> WHAT TO PRODUCE:
The reply should repeat all of the data word for word, with no pictures.

> GIVEN INFORMATION:
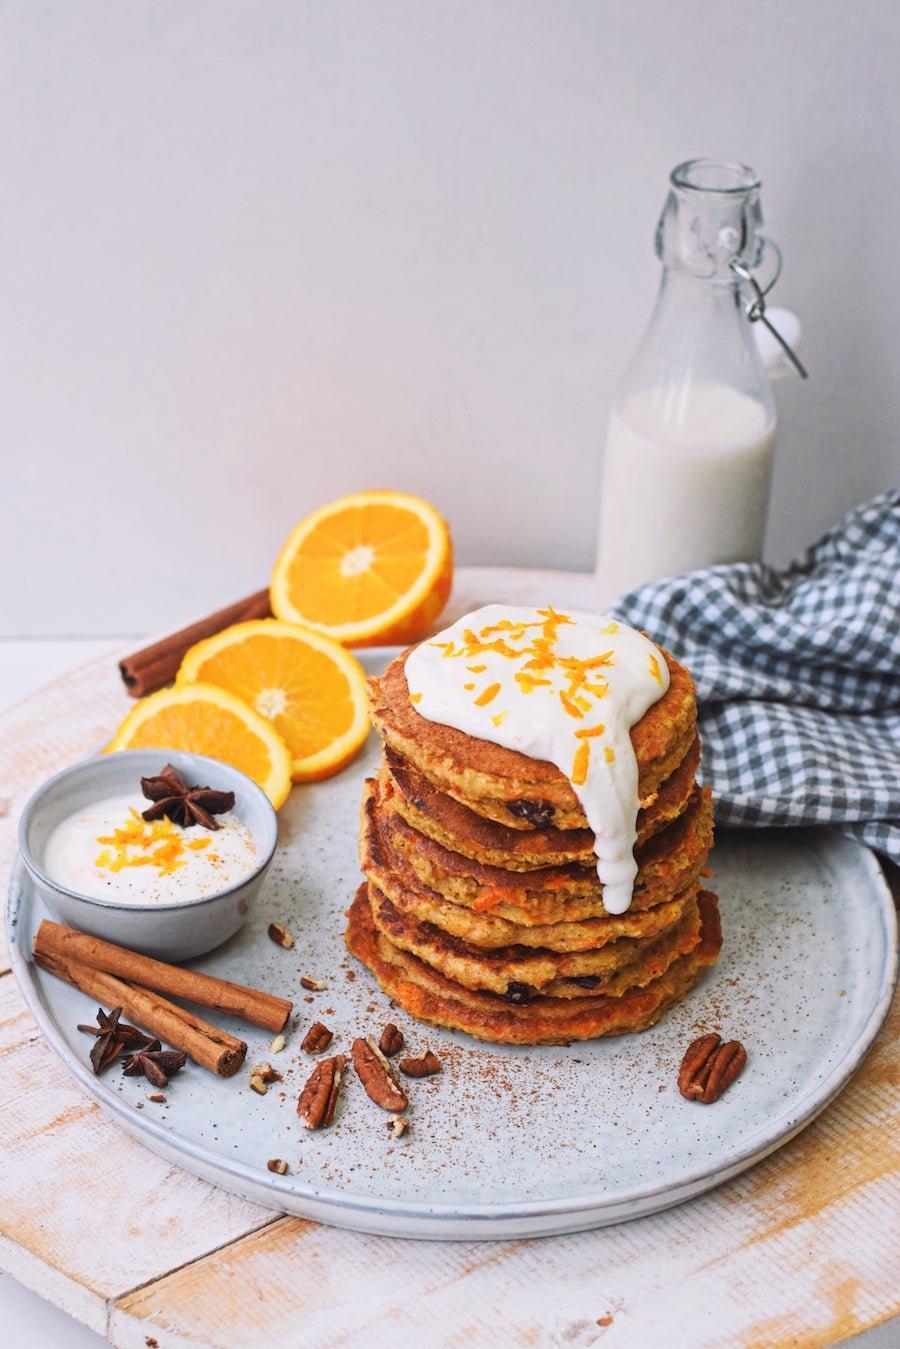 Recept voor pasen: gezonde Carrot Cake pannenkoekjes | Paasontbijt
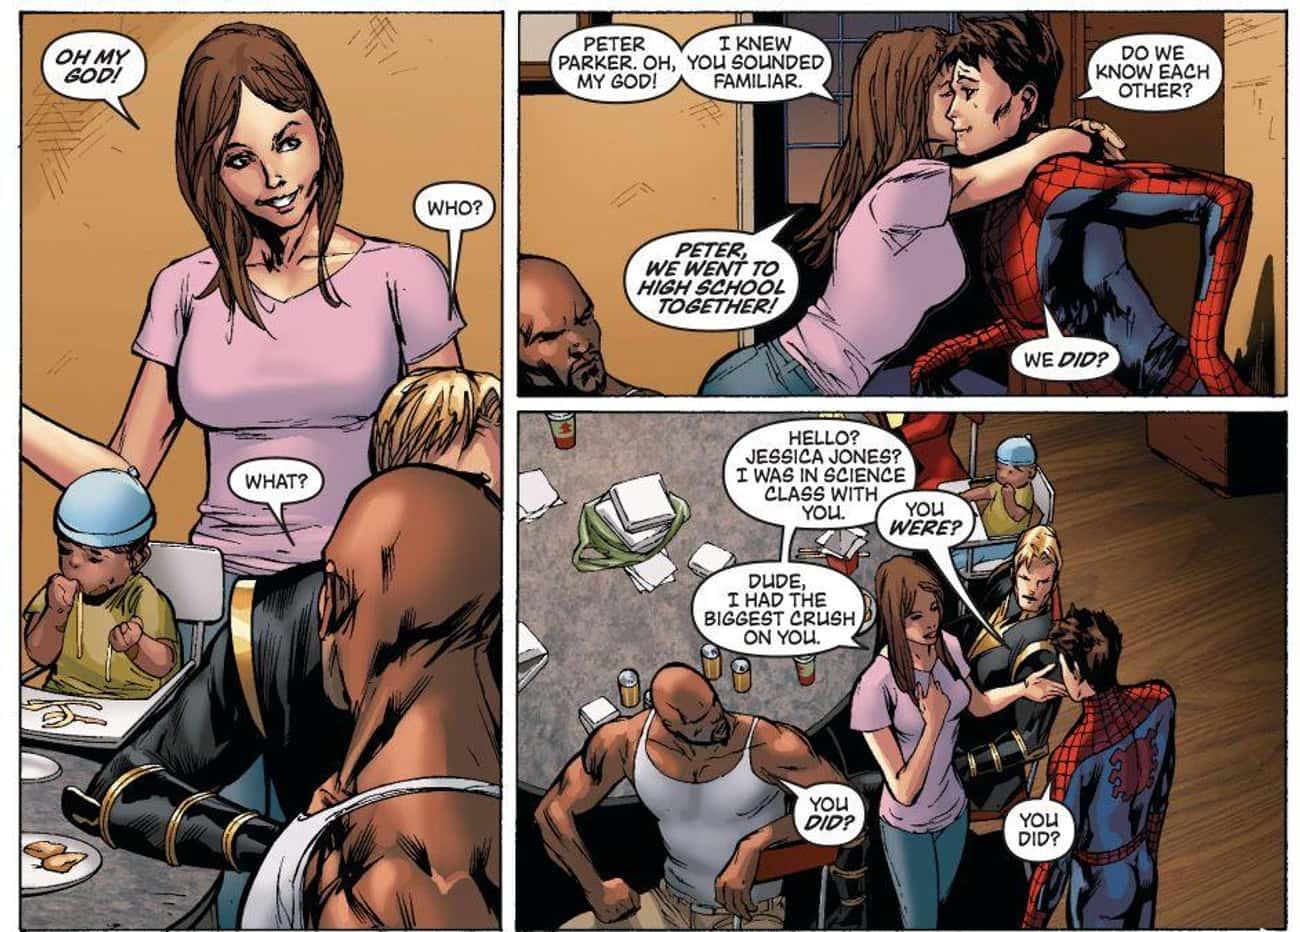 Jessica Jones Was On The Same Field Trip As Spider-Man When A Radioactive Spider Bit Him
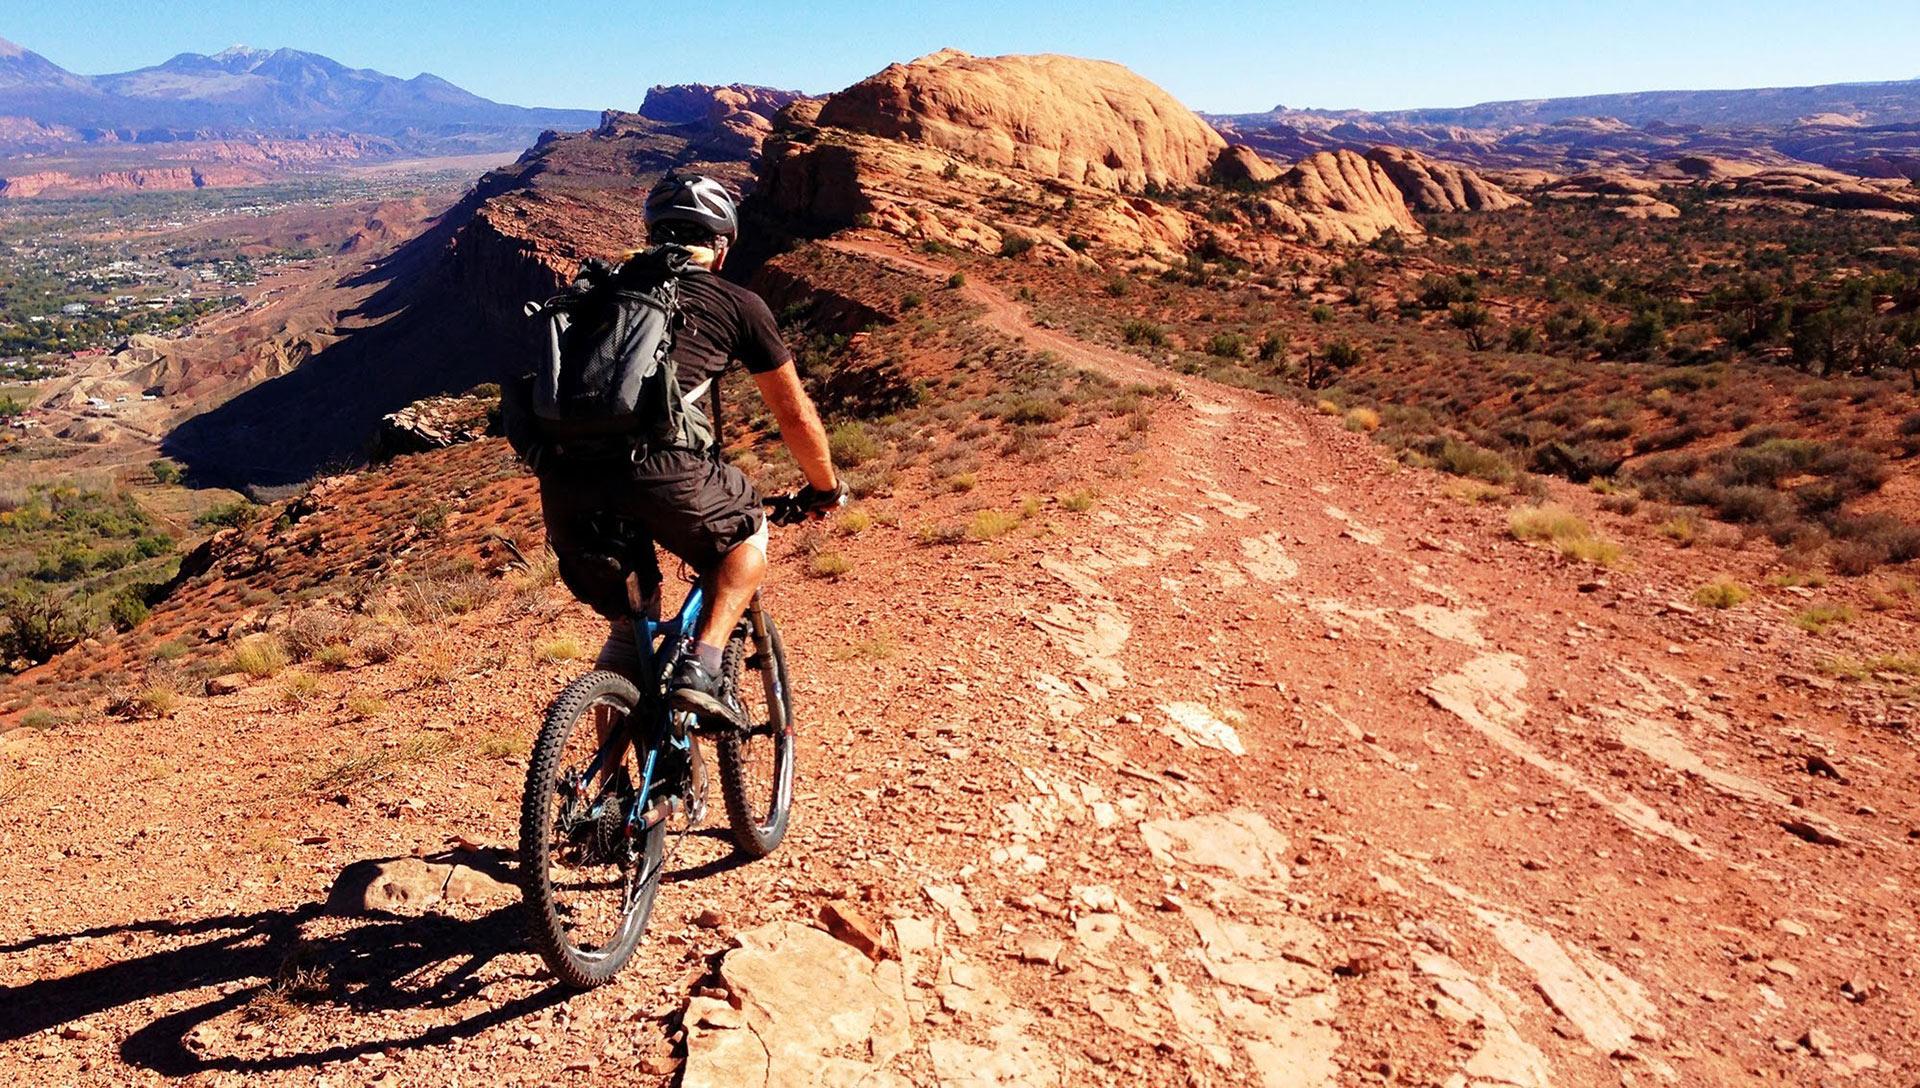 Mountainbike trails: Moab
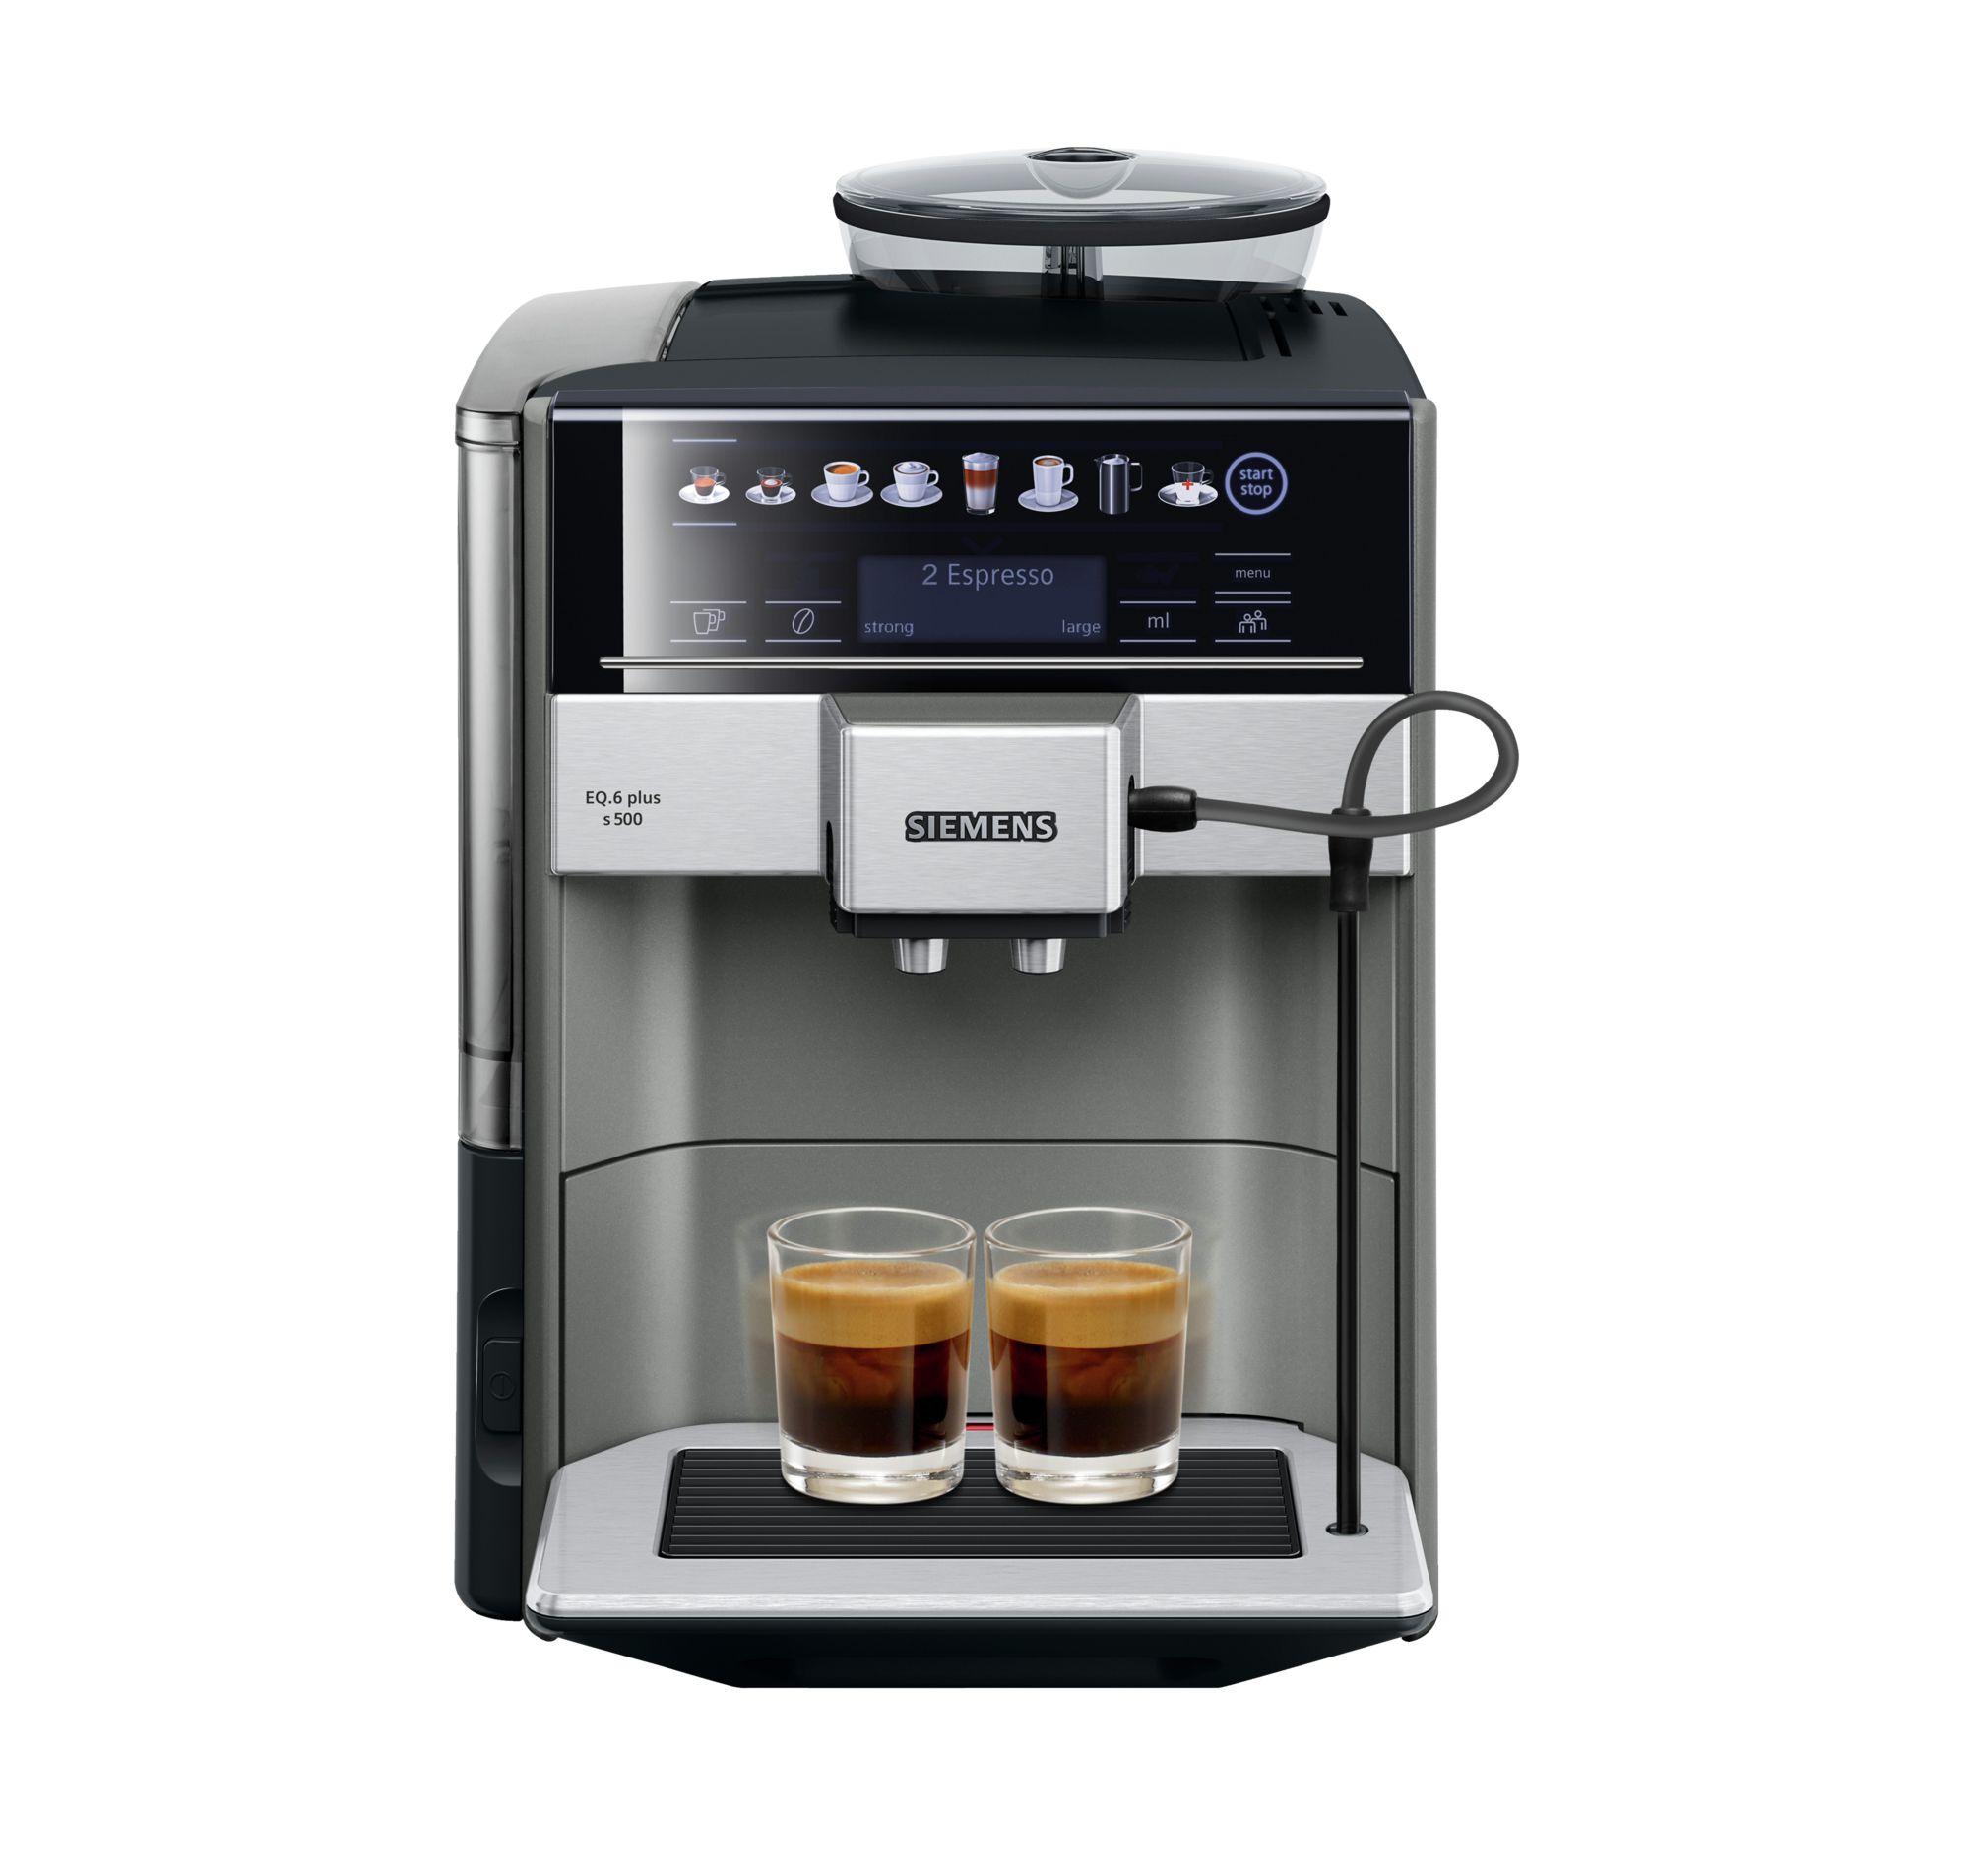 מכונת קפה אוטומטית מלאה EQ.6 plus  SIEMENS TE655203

> WRITTEN REPLY:
 Recept voor pasen: gezonde Carrot Cake pannenkoekjes | Paasontbijt
 Jessica Jones Was On The Same Field Trip As Spider-Man When A Radioactive Spider Bit Him
 Mountainbike trails: Moab
 מכונת קפה אוטומטית מלאה EQ.6 plus  SIEMENS TE655203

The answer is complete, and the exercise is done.